Either way, it’s an amazing read.  Definitely worth the cover price.  I especially like his discussion about his relationships and how they affected his writing.

I started writing Pynchonian letters to my then-fiancee, and I think it’s significant that she hated those letters and made her hatred of them known, and that I steered away from that voice-because of our relationship, because of an intense relationship with a woman.  Which now seems to me emblematic: You could either play with the boys like that, and relegate women to minor and substantially objectified characters on the margin, or you could try and have a full-fledged relationship with a woman, in which case that kind of boy writing, however brilliant and masterful, was necessarily subordinate.  It’s worth noting that at this point in my life, I feel much more indebted to various female writers- Alice Munro, Christina Stead, Flannery O’Connor, Jane Smiley, Paula Fox, to name a few - than I do to Pynchon.

August 16th, 2010
--anna

Anticipating Envy

It is impossible for me to read something about Jonathon Franzen without thinking about this article.  Written by his ex-girlfriend, writer Kathryn Chetkovich, Envy, is an uncomfortably honest account of how it feels to be a writer dating another writer who becomes exceedingly successful while you are still struggling to get short stories published in local journals (tip: not all that flash.)  Published in Meanjin, the full essay now remains under their oh-so-tight paid content section.  I will quote from their sparse but free blog commentary:

On reading early drafts of the novel she remembers feeling the proverbial ‘stabs of dread familiar to all writers’, because ‘here were sentences, paragraphs, whole pages I not only admired but wished I had written’. After publication, things only became worse: ‘When the man was merely gifted but not particularly rewarded, I was comfortable; we were in it together, comrades in a world that didn’t care what we had to tell it.

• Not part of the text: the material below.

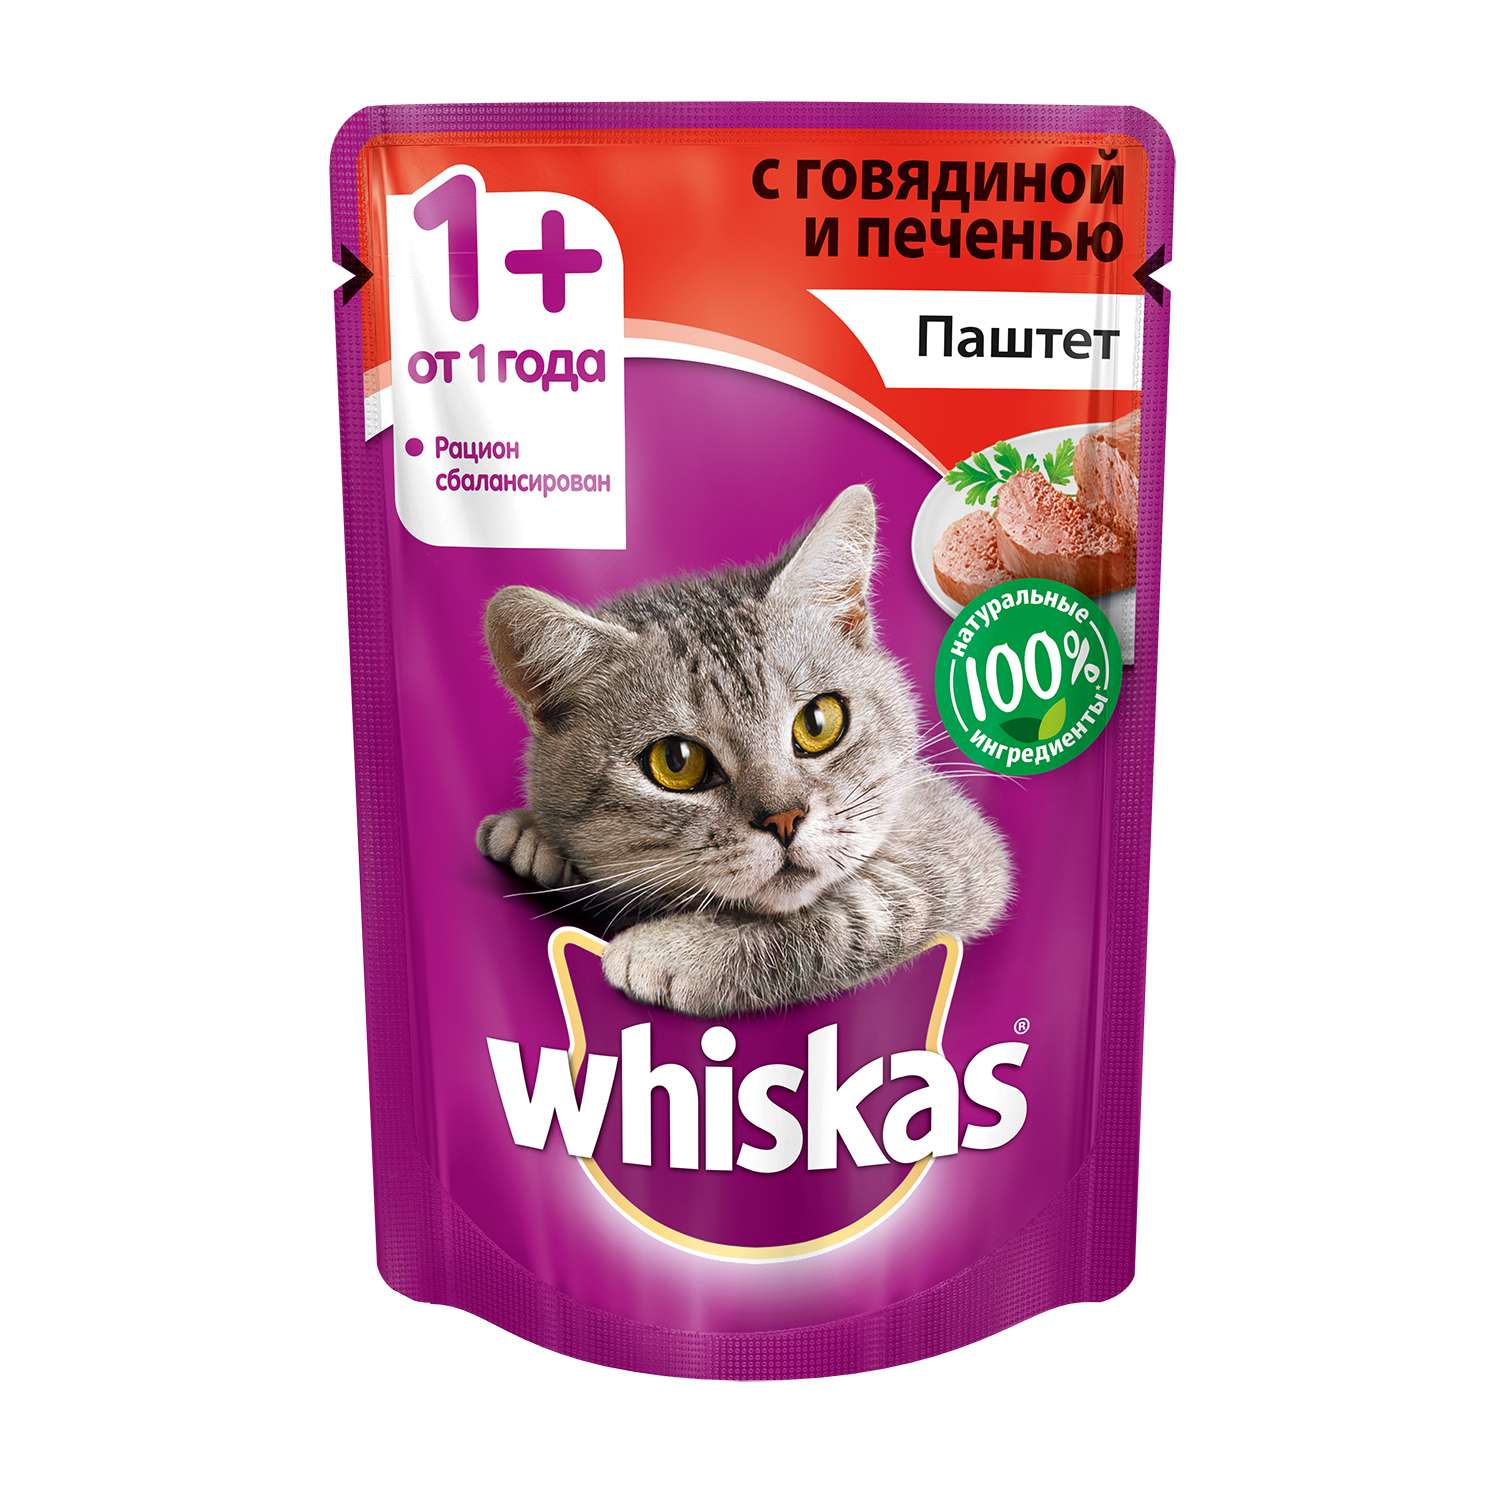 Корм влажный для кошек Whiskas 85г паштет с говядиной и печенью пауч - фото 1

But now, what did his success prove if not that when the gift is prodigious enough, the world does need us, it will pay?’

The essay is one of my favourite things ever written about creativity human nature.  It was republished in The Best American Essays of 2004 and even Franzen heaped praise on it. 

On that note, I really can’t wait for the new Franzen.  This book nerd anticipation reminds me of how I used to feel as a ten-year-old waiting for John Marsden to release the next installment of the “Tomorrow When the War Began” series in the summer.  Excitement abounds.